IX. Provisioning requirements
(a) Lenders that sign the ICA within 30 days: For such lenders, after implementation, the provision will be the higher of the provisions as per the existing income recognition and asset classification (“IRAC”) norms prior to implementation or 10% of the total residual debt (including debt securities).
(b) Lenders that don’t sign the ICA within 30 days: For such lenders, after the expiry of 30 days, the provision will be the higher of the provisions as per the existing IRAC norms or 20% of the total debt in their books (i.e. the carrying debt). Further, as a greater disincentive, if an implementation lapses because the ICA signing thresholds are not met, then the Lending Institution which agrees to sign the ICA within 30 days but actually does not do so, shall be required to hold 20% provisioning on the carrying debt.
(c) June 7 provisions: Any additional provisions maintained under the requirements of the June 7 Framework may be reversed upon invocation of the resolution process under the Covid Resolution Framework.
(d) Reversal of provisioning by ICA signatories: The provisions maintained by ICA signatories may be reversed in the following manner: (i) 50% upon repayment of 20% of the residual debt; and (ii) the balance 50%, upon repayment of additional 10% of the residual debt, without slipping into the NPA category in each case.
(e) Reversal of provisioning by non-ICA signatories: The provisions maintained by Lending Institutions that did not sign the ICA may be reversed in the following manner: (iii) 50% upon repayment of 20% of the carrying debt; and (iv) the balance 50%, upon repayment of additional 10% of the carrying debt, subject to IRAC provisions being maintained.
X. Post Implementation Default
If there is a default by the borrower with any ICA signatories during the “monitoring period”, it triggers a review period of 30 days. If the default continues at the end of the review period, the asset classification of the borrower with all Lending institutions, including those who did not sign the ICA, will be downgraded to NPA. The NPA downgrade will be from the date of implementation of the resolution plan or the date from which the borrower had been classified as NPA before implementation of the plan, whichever is earlier. The “monitoring period” is the period starting from the date of implementation of the resolution plan till the borrower pays 10% of the residual debt, subject to a minimum of one year from the commencement of the first payment of interest or principal (whichever is later) on the credit facility with longest period of moratorium.
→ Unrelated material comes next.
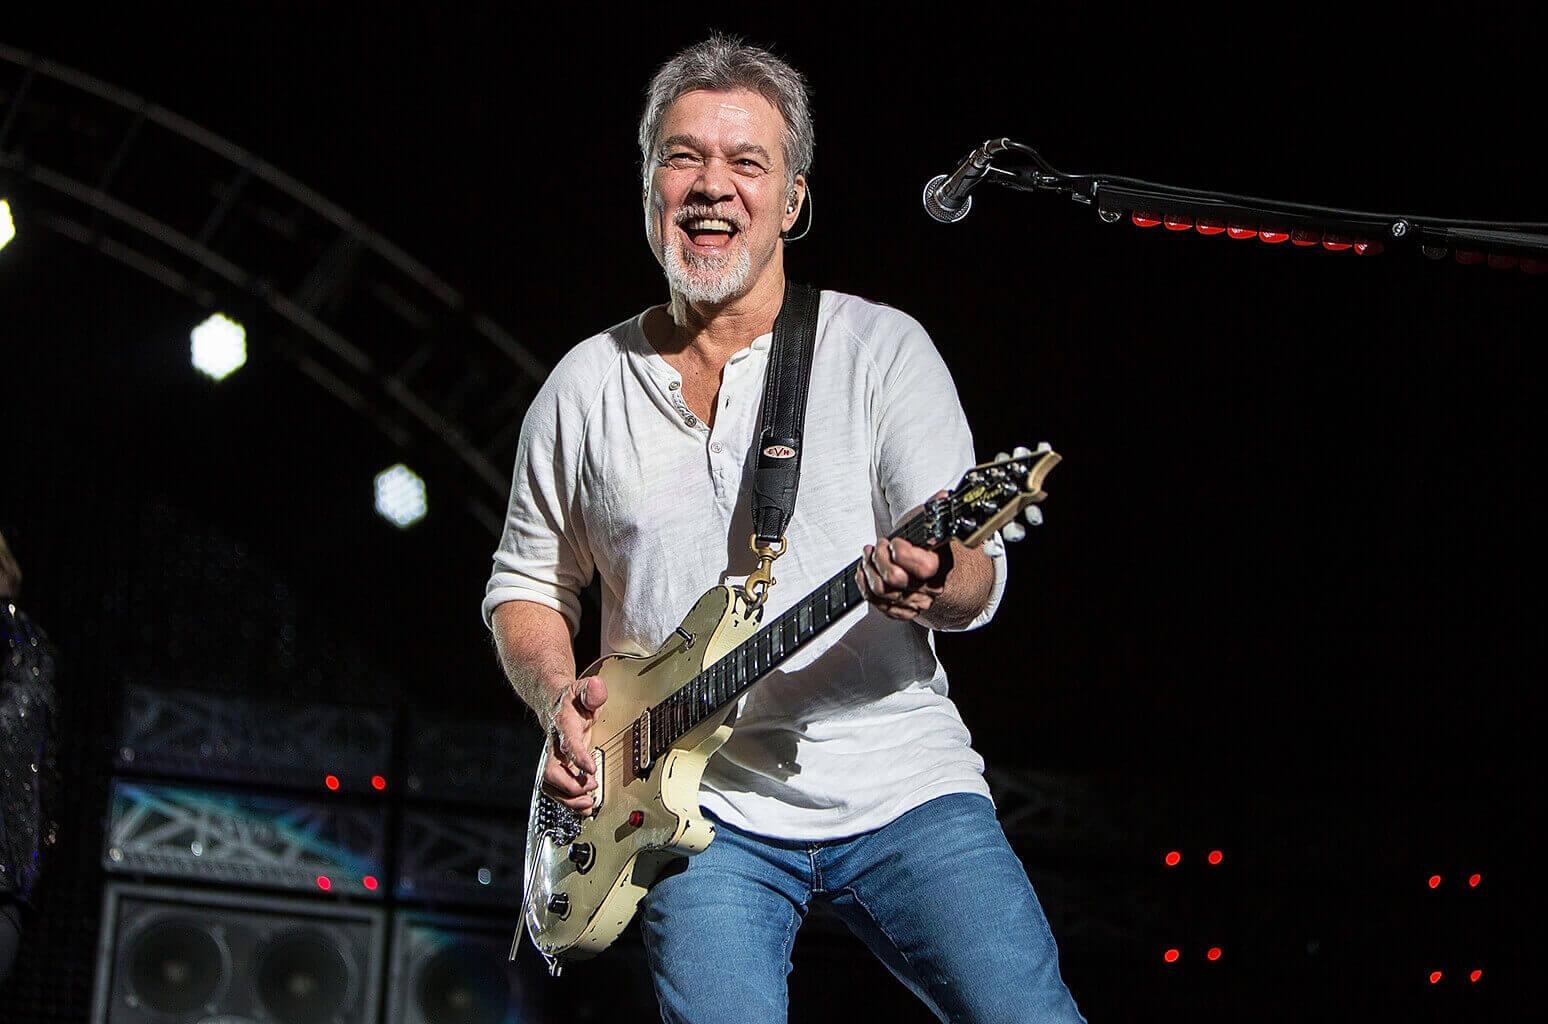 Indie Wallpaper Hd Hear Eddie Van Halen S Isolated Track On Ain T Talking

All lenders are required to make disclosures regarding details of accounts restructured under this Covid Resolution Framework in their quarterly and/ or half- yearly financial statements.
At a time when proceedings under the IBC have been suspended for defaults that take place between March 25, 2020 to September 24, 2020 (which can be extended upto another six months), the Covid Resolution Framework hopes to provide some respite to lenders and borrowers. While a one-time settlement scheme was most sought after, the RBI in its wisdom has decided against providing that flexibility to borrowers and lenders. However, the economic incentives (and disincentives) provided to the Lending Institutions coupled with a robust escrow mechanism for monitoring inflows and outflows should help mitigate some of the intercreditor issues plaguing restructurings under the June 7 Framework and give an impetus to lenders to effectively use this framework to restructure some of their debts. It would also be important for other financial sector regulators to extend co-operation in making this special package as broad- based and comprehensive as possible.